* YOUR TASK:
Below are records with pictures; copy word for word only the lines between the line with "Sett 6811 fra Lego Space : M:tron serien." and the line with "Komplett med manual.", inclusive, and drop the pictures.

* PROVIDED ENTRIES:
▽

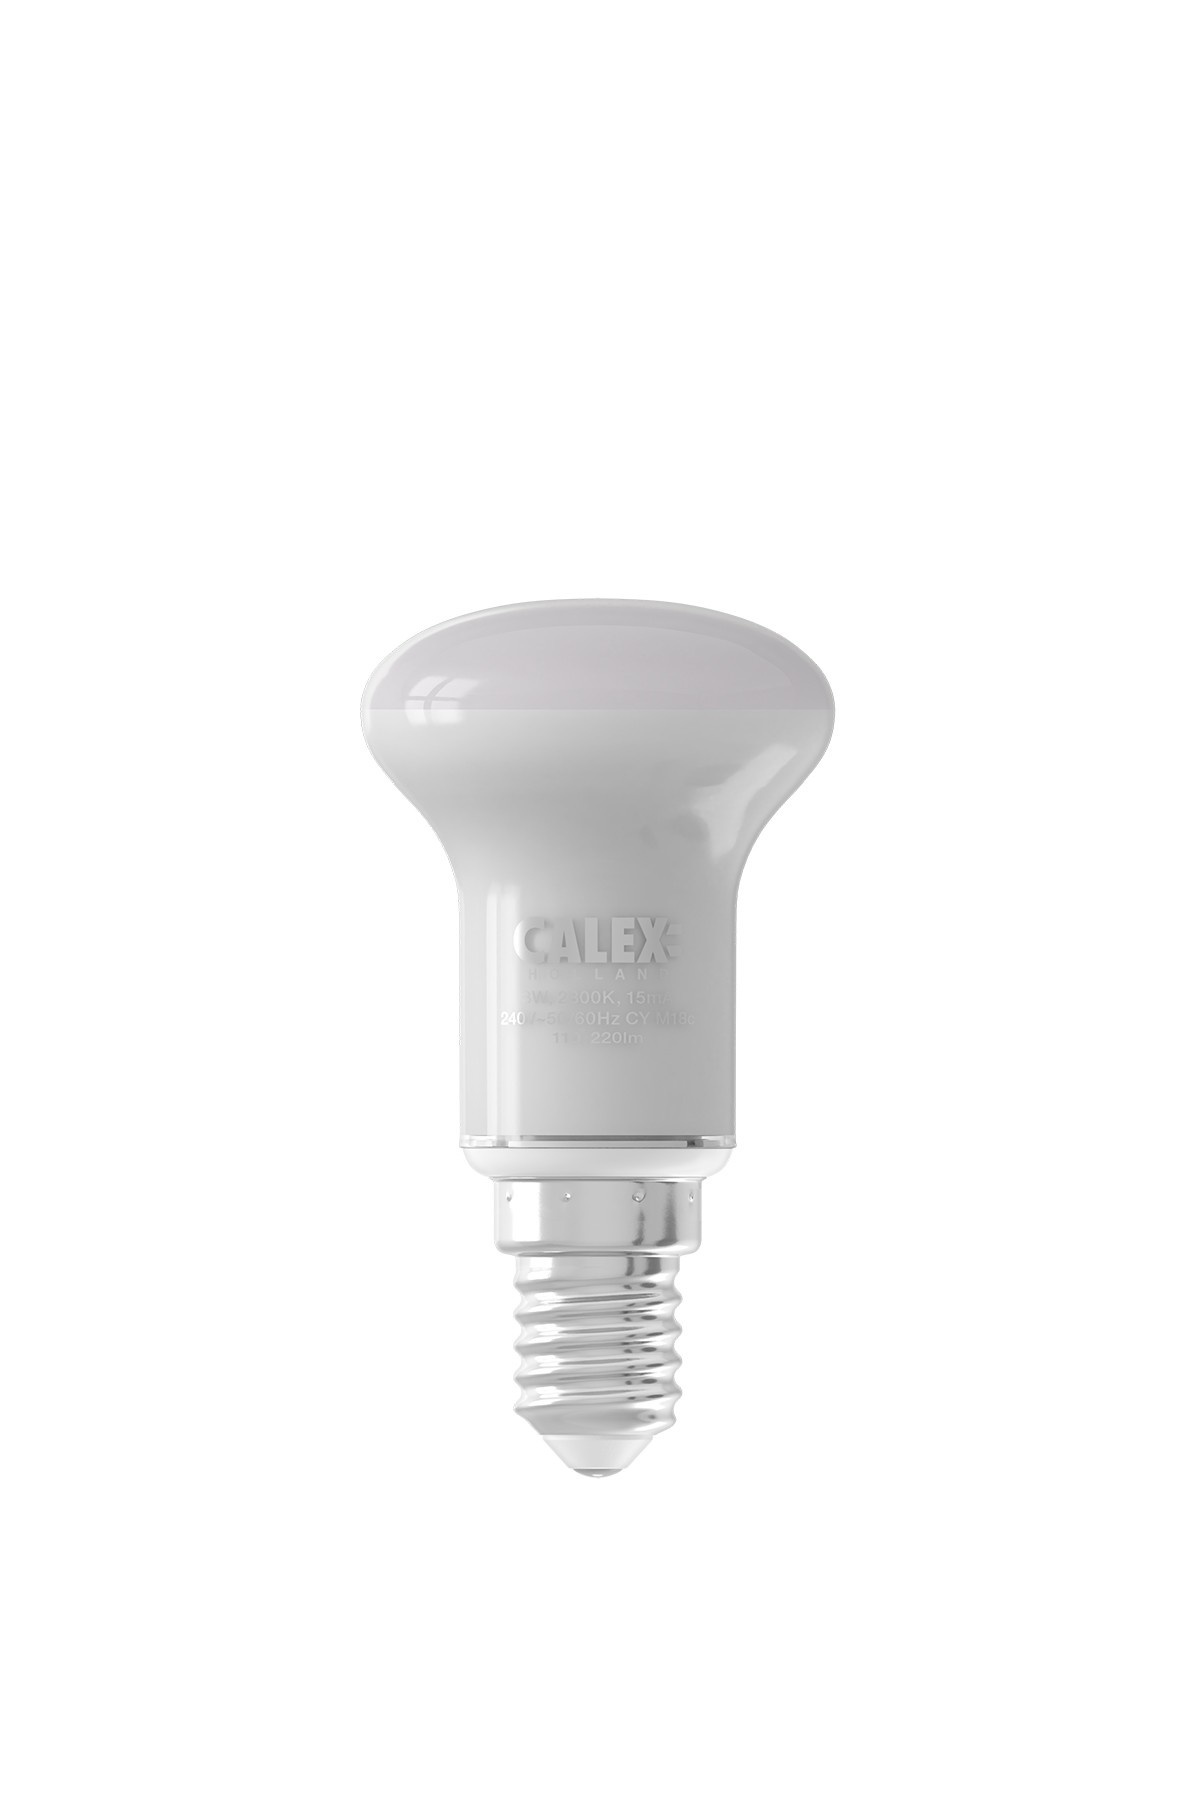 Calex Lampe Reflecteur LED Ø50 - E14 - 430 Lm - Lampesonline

△
▽

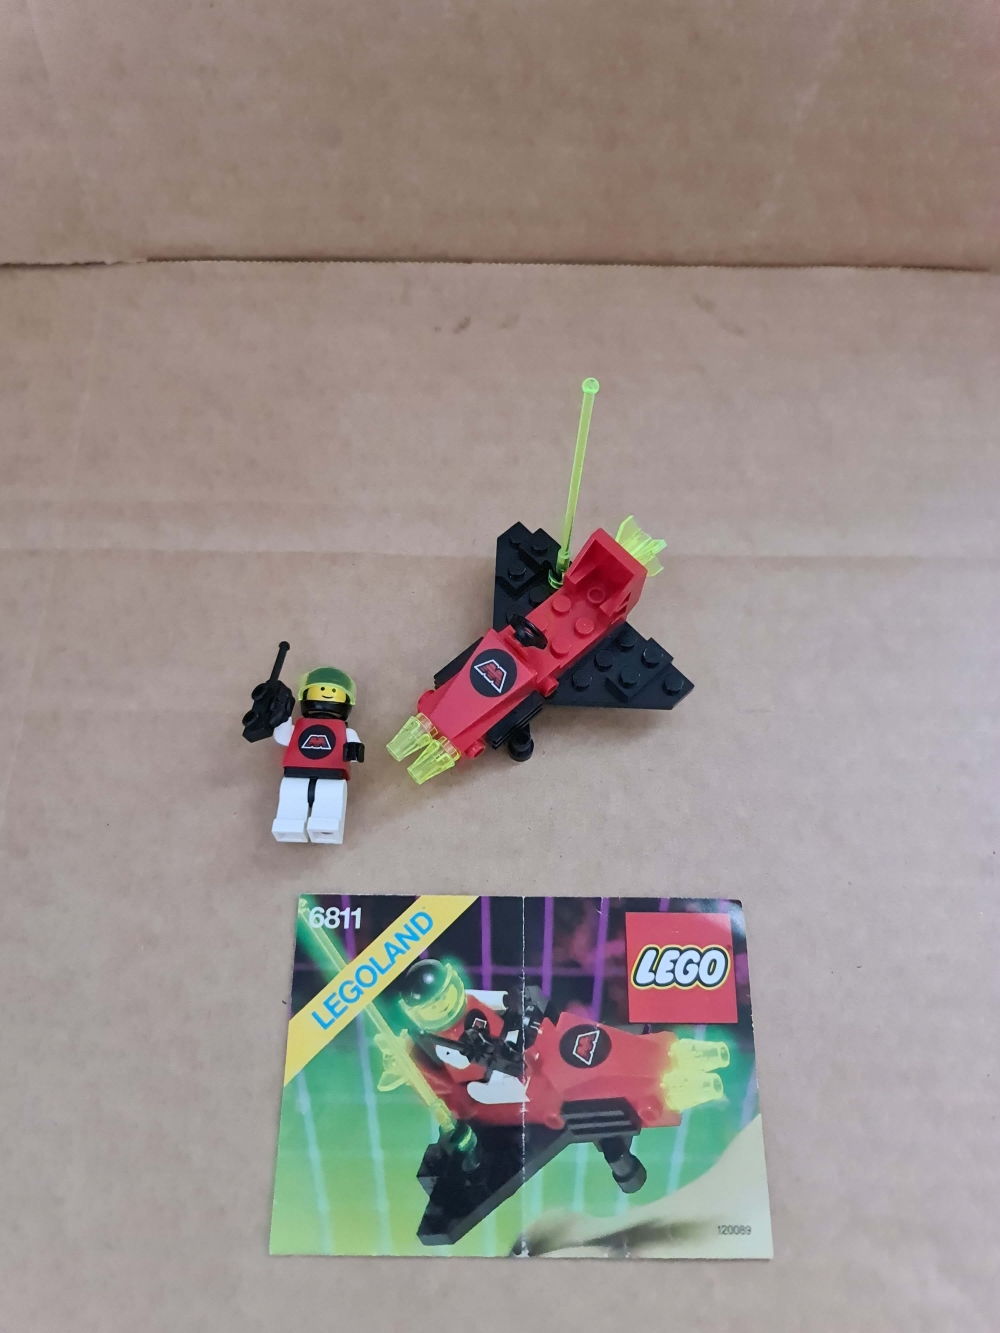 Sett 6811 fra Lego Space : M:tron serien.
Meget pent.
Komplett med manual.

△

* OUTPUT OF THE TASK:
 Sett 6811 fra Lego Space : M:tron serien.
Meget pent.
Komplett med manual.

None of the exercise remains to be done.